Ian Haysom, a veteran journalist and writer, is a news consultant for CHEK. His coronavirus diary will appear here regularly.
There’s something comforting, reassuring, about the universal outcry over the shooting of Takaya the wolf who made the mistake of getting too close to humans.
Yes, we are all consumed with our own health and mortality these days and of those around us, but the death of a lone wolf who lived for eight years on Discovery Island and finally left in search of — what? —companionship or food or both is heartbreaking.
The cry of the wolf, indeed.
Cheryl Alexander, who documented the life of Takaya, confirmed on Facebook that the wolf had been shot by hunters near Shawnigan Lake. It had been released by conservation officers in rugged wilderness outside Port Renfrew after swimming back to Vancouver Island.
I am beyond devastated. And I do not want to share with you this very sad news because Takaya was giving so much hope…
Takaya’s story has been lyrical and mysterious. I watched the documentary recently on the wolf and its magical, mysterious life on Discovery. Wolves travelled in packs, not alone. Yet, this wolf had survived and adapted, likely on seals and shellfish and other marine flotsam and jetsom, against all odds.

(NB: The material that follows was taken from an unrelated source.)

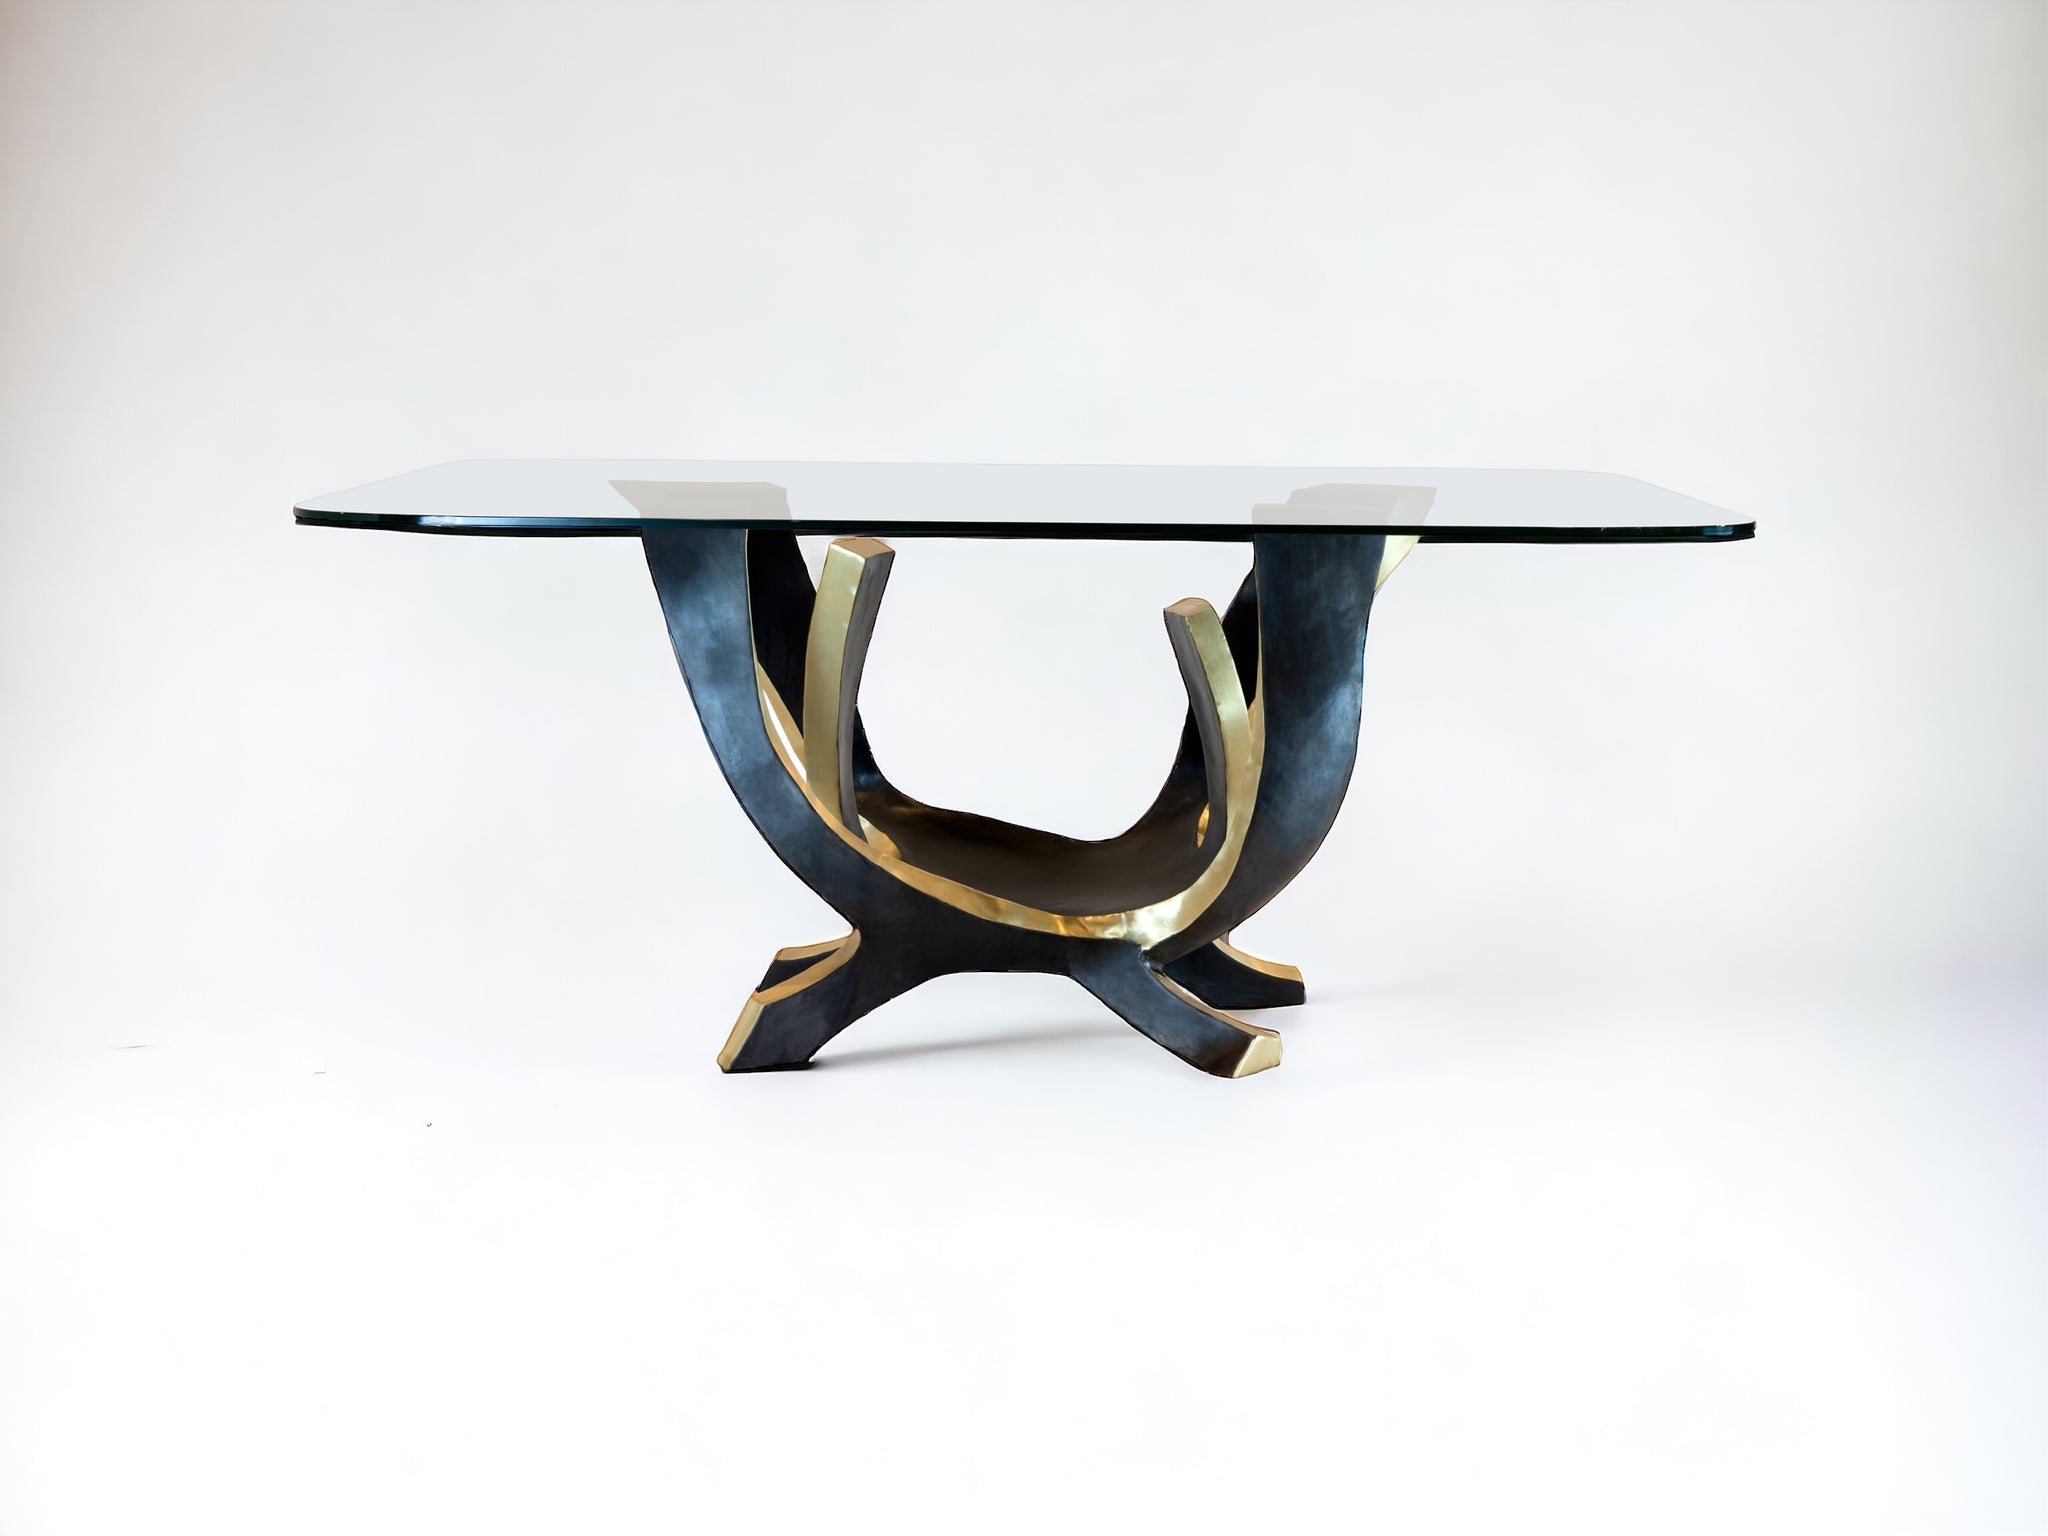 Lia Hand Forged Brass Table

Online lit up with outrage. Jim Beatty, the former CHEK anchor, wrote, “What a sad tragic end to an incredible odyssey.”
Journalist and one-time colleague Kim Pemberton said, “This is truly awful. When is the bad news going to end?”
Another former colleague (I’ve worked in a lot of newsrooms) Susan Danard, said “World is a bit messed up, isn’t it? Secretly hoping the animals stage a coup and take over.”
I have never understood hunting. Not in today’s world. Perhaps when you hunted to eat. But why on earth does someone have to go out and shoot a wolf? You can’t eat it. You can’t even boast about it. Do you hang a wolf’s head on the wall? Does that fuel pride and testosterone?
To be fair, we haven’t heard the full story yet. But I can’t figure out any sane reason for killing this, or any animal in the name of fun.
We know British Columbia and Vancouver Island are prime real estate for hunters. There’s lots of game to be had. And those sporting goods stores north of Nanaimo do a roaring trade in guns and ammo and camouflage gear.
We’ve all been in those restaurants and lodges that have animal heads on the walls. Moose and bear and elk and other creatures frozen in shocked time, a testament to taxidermal expertise and man’s stupidity.
I’d like to make this real sport. Why don’t we agree that all hunters, once a year, have to be hunted themselves. Just for a day, they have to go running around in the woods, and the non-hunters take potshots at them. But with paintball pellets. Because non-hunters don’t like killing things, even stupid things, even if it would be kind of fun to hang the odd hunter’s head on the wall. OK….I’ve been cooped up for too long.
Europeans love to come to British Columbia and shoot things, mostly because they’ve shot just about every creature there is in Europe and, well, there are no grizzlies to whack in France or Germany.
They still shoot birds though. I went bike riding along a canal one Sunday morning near Carcassone in the south of France, and guns were going off all around me. Duck hunting was a popular Sunday morning sport, it turned out, and scores of hunters were shooting with delirious delight. I kept my head down as I biked. I work on the principle that most hunters have a brain the size of a pea and probably couldn’t tell the difference between a biking Canadian and a French mallard.
But yes, it’s reassuring to know that we can mourn a lone wolf at a time when we’re mourning tens of thousands of humans around the world. We mourn a fascinating creature. And an amazing story.
The hunter will be vilified. But for him, it was just another wolf. If I were him — or her, but I’m guessing it’s a him — I wouldn’t be bragging too much. Some might like to hang his head on a wall.